50:1 I follow the commentator in his exposition of this verse. Anavisandhipurvakam is explained as nishkamam. Ubhayam is prachinamaihikam cha karmam. Apriyam is equivalent to vadham. The substance of priyam, etc., is thus given: Moksham prati tu karmanah karanatwam duranirastam.

50:2 Aturam is explained as pierced by lust, wrath, etc. Asuyate is equivalent to dhikkaroti. Janah is explained by the commentator as parikshakah but it would be better to take it as standing for people generally. Tasya is an instance of the genitive for the accusative. Tat refers to nindyam karma, sarvatah means sarvashu yonishu. Janayati Janena dadati. The object of the verse is to show that sinful acts produce fear both here and hereafter.

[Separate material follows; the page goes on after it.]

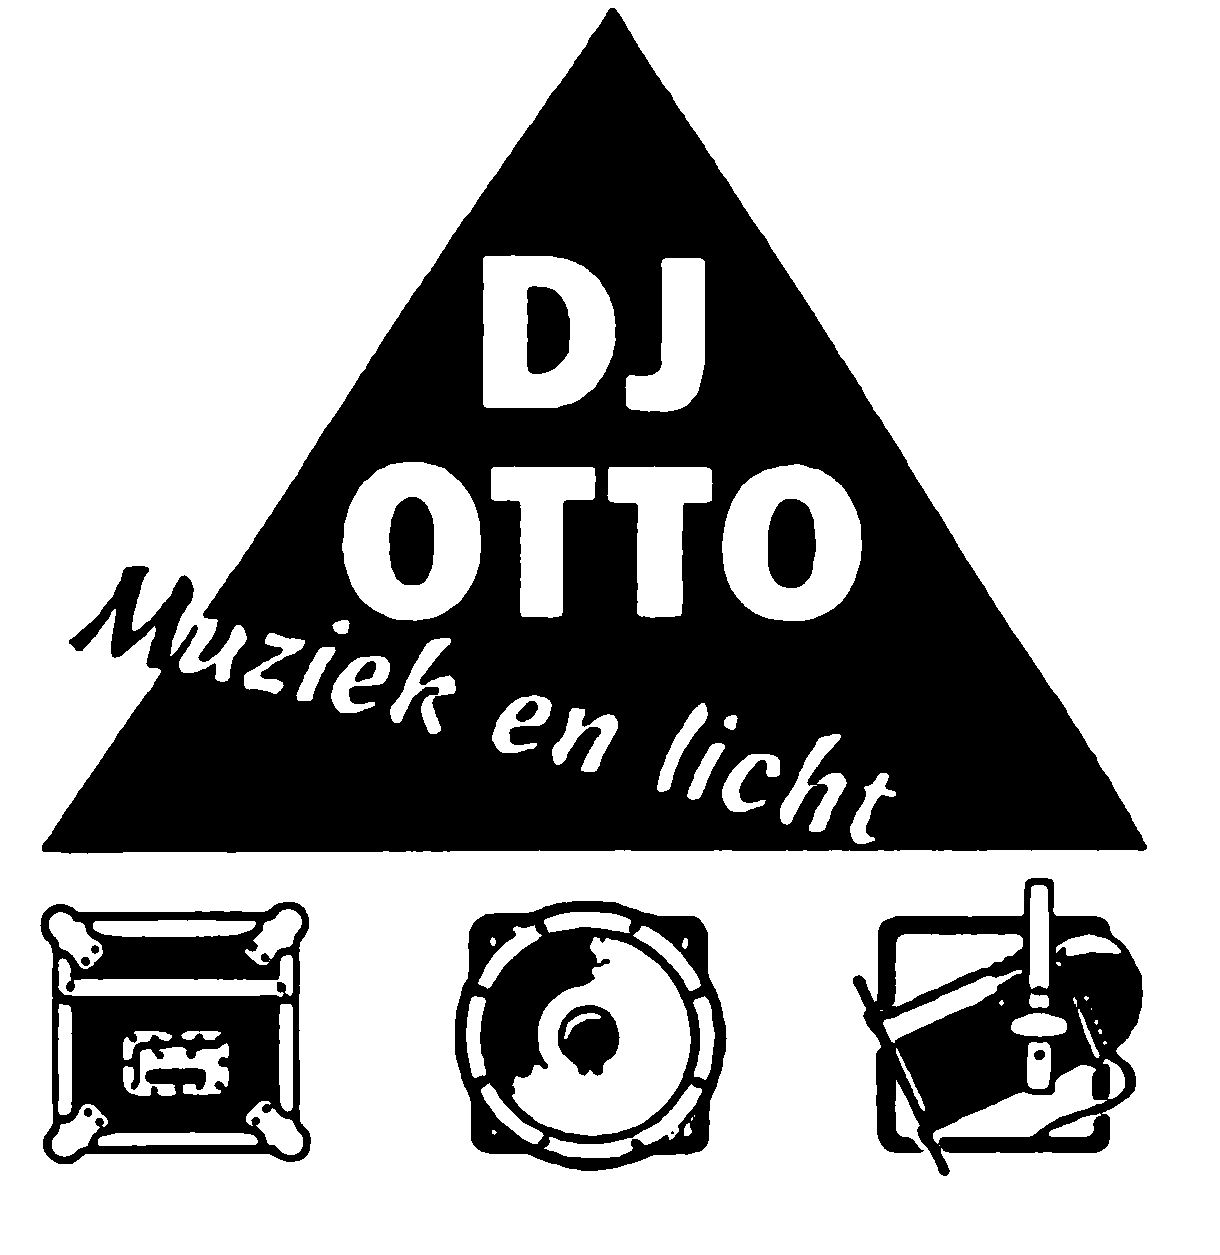 DJ Otto

50:3 Loka is in the locative case, the final vowel indicating to the locative having been dropped for sandhi. Niravishan is an adverb, equivalent to samyak-abhinivesam kurvan. Tattadeva means "those and those" i.e., possessions, such as putradaradikam. Kusalan is sarasaravivekanipunan. Ubhayam is explained as karma-mukhin and sadyomuktim. Bhisma here points out the superiority of the latter kind of Emancipation over the former; hence Vedic acts or rites must yield to that yoga which drills the mind and the understanding and enables them to transcend all earthly influences.

51:1 The soul-state is the state of purity. One falls away from it in consequence of worldly attachments. One may recover it by yoga which aids one in liberating oneself from those attachments.

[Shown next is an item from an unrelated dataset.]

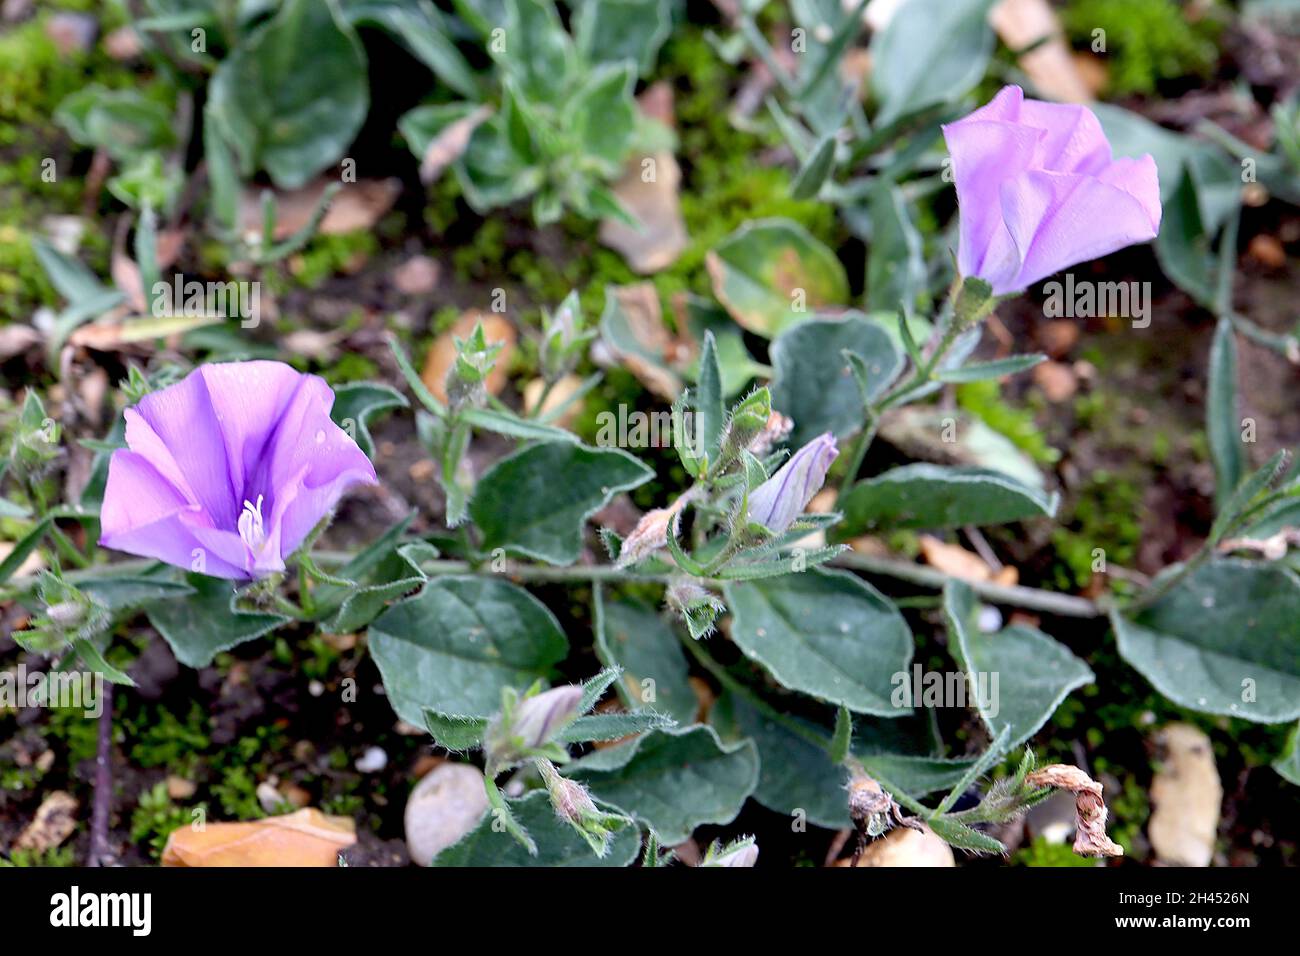 Convolvulus sabatius Blue rock bindweed – fleurs en forme d'entonnoir bleu violet et feuilles ovales vert foncé sur tiges tracées, octobre, Angleterre, Royaume-Uni Banque D'Images

51:2 The three words used here are vichara, viveka, and vitarka. They are technical terms implying different stages of progress in yoga. The commentator explains them at length.

52:1 Everything that man has is the product of either exertion or destiny; of exertion, that is, as put forth in acts, and destiny as dependent on the acts of a past life or the will of the gods or pure chance. Yoga felicity is unattainable through either of these two means.